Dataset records
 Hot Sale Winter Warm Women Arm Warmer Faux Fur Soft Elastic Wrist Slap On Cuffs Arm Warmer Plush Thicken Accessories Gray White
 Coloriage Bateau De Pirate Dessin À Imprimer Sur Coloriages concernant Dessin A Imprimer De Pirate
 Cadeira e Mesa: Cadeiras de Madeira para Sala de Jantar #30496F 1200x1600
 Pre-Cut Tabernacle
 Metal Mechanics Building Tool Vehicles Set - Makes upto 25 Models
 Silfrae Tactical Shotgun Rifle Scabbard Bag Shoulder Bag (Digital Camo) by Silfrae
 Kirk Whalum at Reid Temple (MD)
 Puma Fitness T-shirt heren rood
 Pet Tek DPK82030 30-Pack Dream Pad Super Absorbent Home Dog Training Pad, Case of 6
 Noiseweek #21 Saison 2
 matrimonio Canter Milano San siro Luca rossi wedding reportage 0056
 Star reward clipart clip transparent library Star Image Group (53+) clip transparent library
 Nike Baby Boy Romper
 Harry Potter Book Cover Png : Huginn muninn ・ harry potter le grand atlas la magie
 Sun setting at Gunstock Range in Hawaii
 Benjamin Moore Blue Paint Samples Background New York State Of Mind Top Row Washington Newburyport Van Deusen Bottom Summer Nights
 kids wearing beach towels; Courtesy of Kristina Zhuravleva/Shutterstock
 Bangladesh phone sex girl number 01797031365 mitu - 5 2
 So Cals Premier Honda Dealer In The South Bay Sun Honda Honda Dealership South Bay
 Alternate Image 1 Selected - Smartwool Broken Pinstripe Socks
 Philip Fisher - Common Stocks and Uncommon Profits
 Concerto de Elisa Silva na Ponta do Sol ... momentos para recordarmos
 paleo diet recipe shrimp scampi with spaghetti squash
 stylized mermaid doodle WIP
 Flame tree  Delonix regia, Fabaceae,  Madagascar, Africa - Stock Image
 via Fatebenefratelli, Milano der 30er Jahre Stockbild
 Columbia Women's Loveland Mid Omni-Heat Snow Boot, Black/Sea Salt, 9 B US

Directions - A complete, exact transcription of the records is needed.

Task response -
 Hot Sale Winter Warm Women Arm Warmer Faux Fur Soft Elastic Wrist Slap On Cuffs Arm Warmer Plush Thicken Accessories Gray White
 Coloriage Bateau De Pirate Dessin À Imprimer Sur Coloriages concernant Dessin A Imprimer De Pirate
 Cadeira e Mesa: Cadeiras de Madeira para Sala de Jantar #30496F 1200x1600
 Pre-Cut Tabernacle
 Metal Mechanics Building Tool Vehicles Set - Makes upto 25 Models
 Silfrae Tactical Shotgun Rifle Scabbard Bag Shoulder Bag (Digital Camo) by Silfrae
 Kirk Whalum at Reid Temple (MD)
 Puma Fitness T-shirt heren rood
 Pet Tek DPK82030 30-Pack Dream Pad Super Absorbent Home Dog Training Pad, Case of 6
 Noiseweek #21 Saison 2
 matrimonio Canter Milano San siro Luca rossi wedding reportage 0056
 Star reward clipart clip transparent library Star Image Group (53+) clip transparent library
 Nike Baby Boy Romper
 Harry Potter Book Cover Png : Huginn muninn ・ harry potter le grand atlas la magie
 Sun setting at Gunstock Range in Hawaii
 Benjamin Moore Blue Paint Samples Background New York State Of Mind Top Row Washington Newburyport Van Deusen Bottom Summer Nights
 kids wearing beach towels; Courtesy of Kristina Zhuravleva/Shutterstock
 Bangladesh phone sex girl number 01797031365 mitu - 5 2
 So Cals Premier Honda Dealer In The South Bay Sun Honda Honda Dealership South Bay
 Alternate Image 1 Selected - Smartwool Broken Pinstripe Socks
 Philip Fisher - Common Stocks and Uncommon Profits
 Concerto de Elisa Silva na Ponta do Sol ... momentos para recordarmos
 paleo diet recipe shrimp scampi with spaghetti squash
 stylized mermaid doodle WIP
 Flame tree  Delonix regia, Fabaceae,  Madagascar, Africa - Stock Image
 via Fatebenefratelli, Milano der 30er Jahre Stockbild
 Columbia Women's Loveland Mid Omni-Heat Snow Boot, Black/Sea Salt, 9 B US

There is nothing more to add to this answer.